14. Considering the above citation, admittedly, the Petitioner/accused has received the statutory notice, but he has not sent any reply. One more adding circumstance in this case is that during the pendency of the case before the XVIII Metropolitan Magistrate''s Court, both the Petitioner and the Respondent entered into the memorandum of understanding under Ex.P9. In that, they admitted the amount due is Rs. 20,00,000/- where Sarath Kumar has given surety. As per clause-1 of the memorandum of understanding, the Respondent/complainant agreed to receive Rs. 15,00,000/- with the conditions as in clauses-2 and 3, he received Rs. 5,00,000/- and withdrawn the case against Sarath Kumar in C.C. No. 6371/2002. Since he has not repaid the balance amount of Rs. 10,00,000/-, as per the clause-4 of Ex.P9, he prosecute C.C. No. 2446/2001. In such circumstances, both the Courts below have considered all the aspects in proper perspective and came to the correct conclusion that the cheques under Exs.P2 and P3 were issued for discharging legally enforceable debt under Ex.P1 series promissory notes. When they were presented in the Bank for encashment, they returned as "funds insufficient". So the statutory notice was issued by the Respondent/complainant to the accused. Even though the accused received the said notice, neither he sent any reply nor he repaid the amount. So the ingredients of Section 138 of Negotiable Instruments Act is made out against the Petitioner/accused. So the findings of both the Courts below that the Petitioner/accused is guilty for the offence u/s 138 of Negotiable Instruments Act does not warrant any interference and hence, it is hereby confirmed.

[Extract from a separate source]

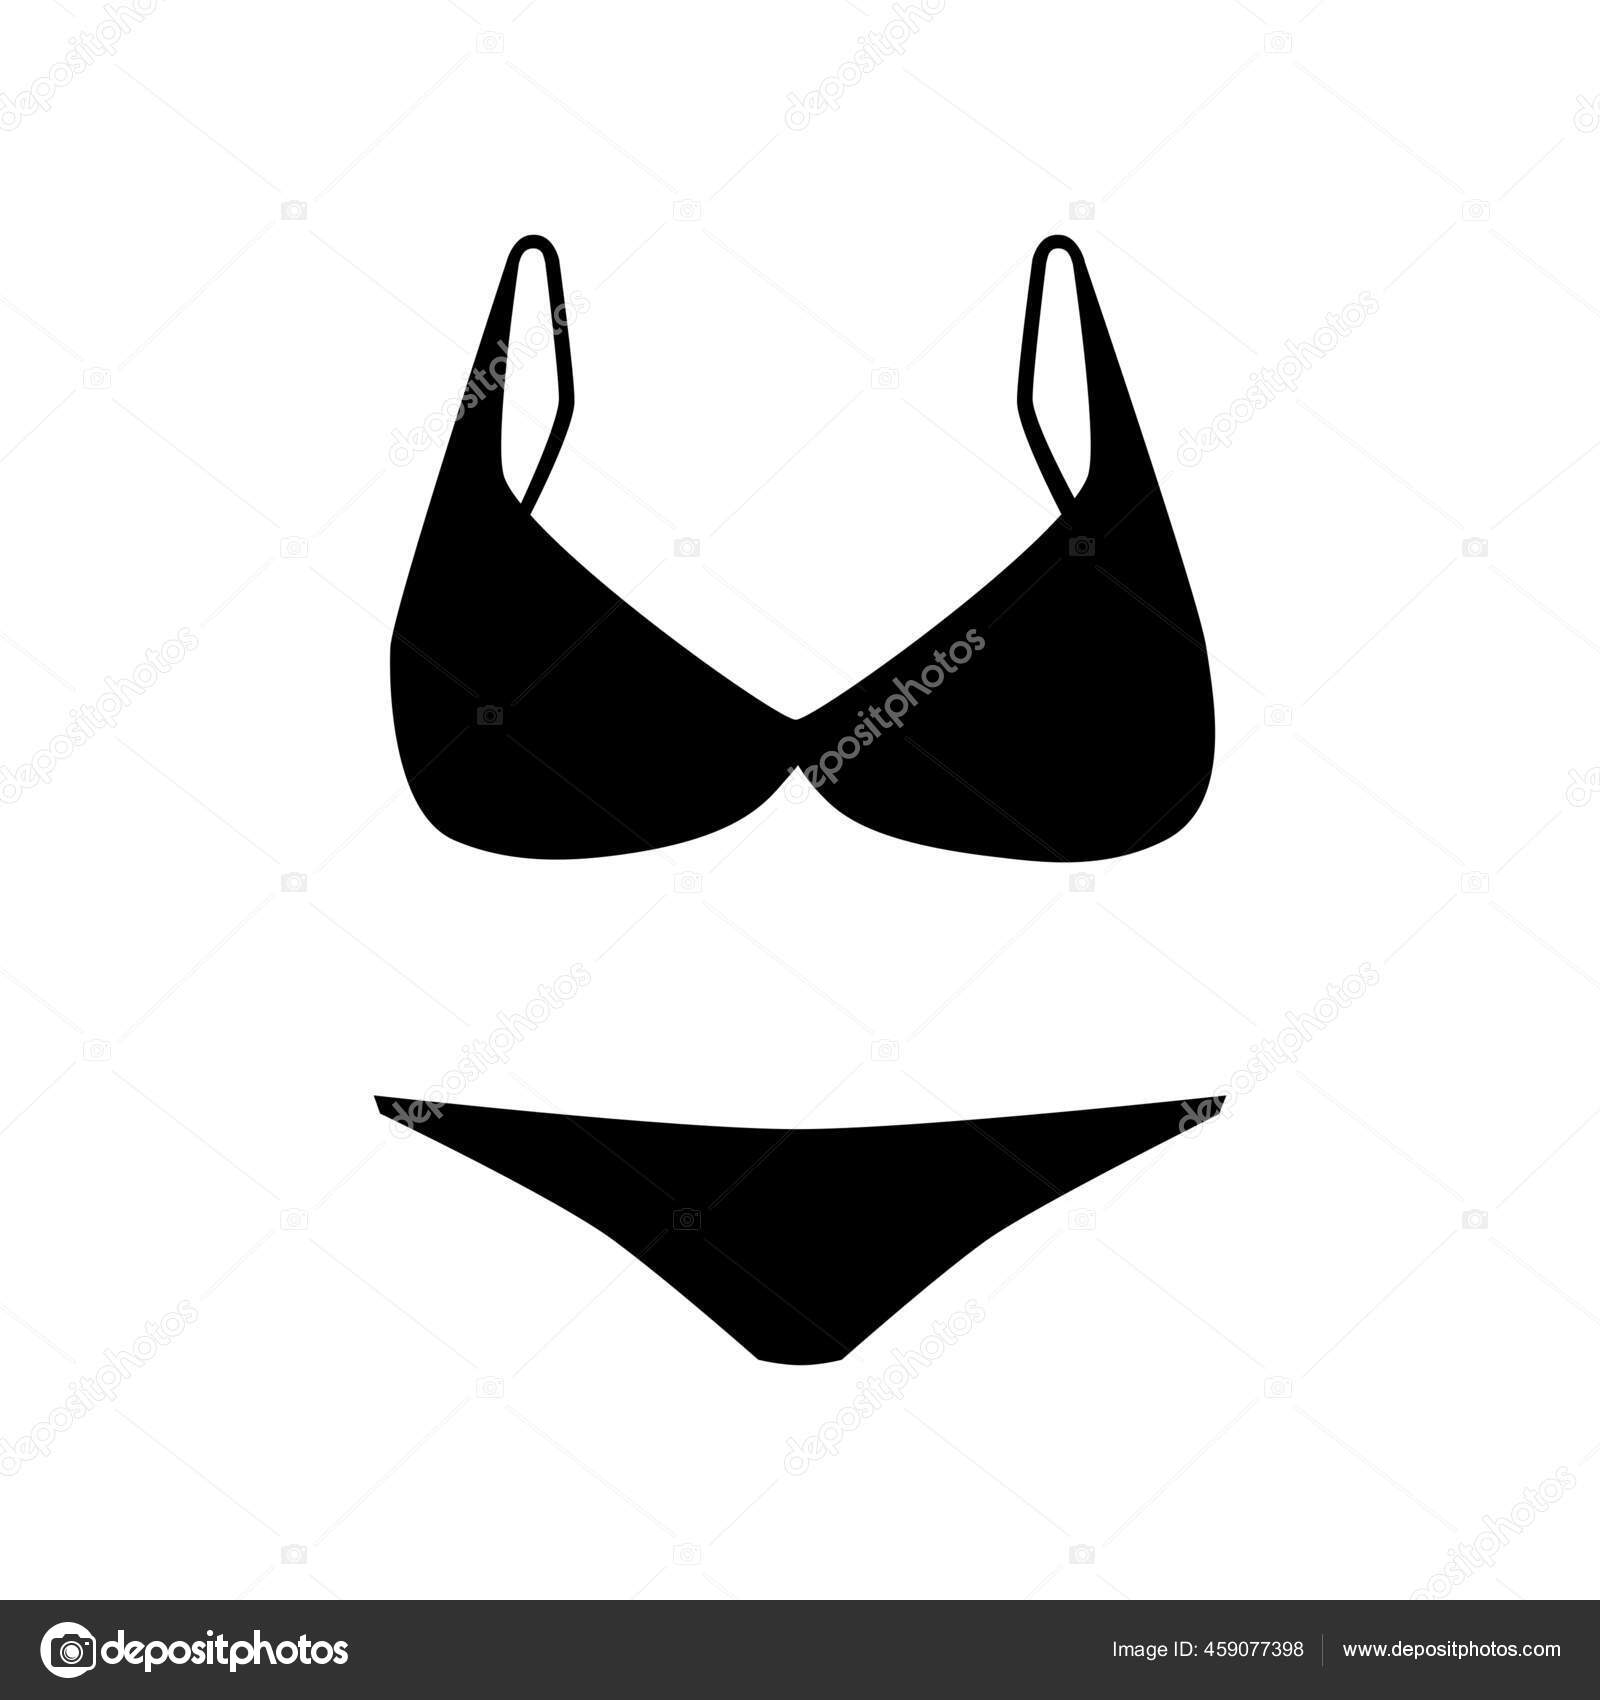 Bikini, bra, brassiere, lingerie, swimming bra, underclothes, undergarment  icon - Download on Iconfinder

15. The quantum of sentence is concerned, the sentence imposed by the learned VI Additional Sessions Judge is fair and proper and hence it does not warrant any interference, so it is hereby confirmed.
16. In fine, The Criminal Revision is dismissed The conviction u/s 138 of Negotiable Instruments Act passed by both the Courts below is hereby confirmed The compensation awarded by both the Courts below is hereby confirmed The revision Petitioner/accused is directed to deposit the compensation amount of Rs. 20,00,000/- within three months. As soon as the amount is deposited, the Respondent/complainant is permitted to withdraw the amount. The sentence modified by the appellate Court is hereby confirmed. The bail bond executed by the Petitioner/accused, if any, shall stand cancelled. The trial Court is directed to take steps to secure the Petitioner/accused to undergo remaining period of sentence imposed on him.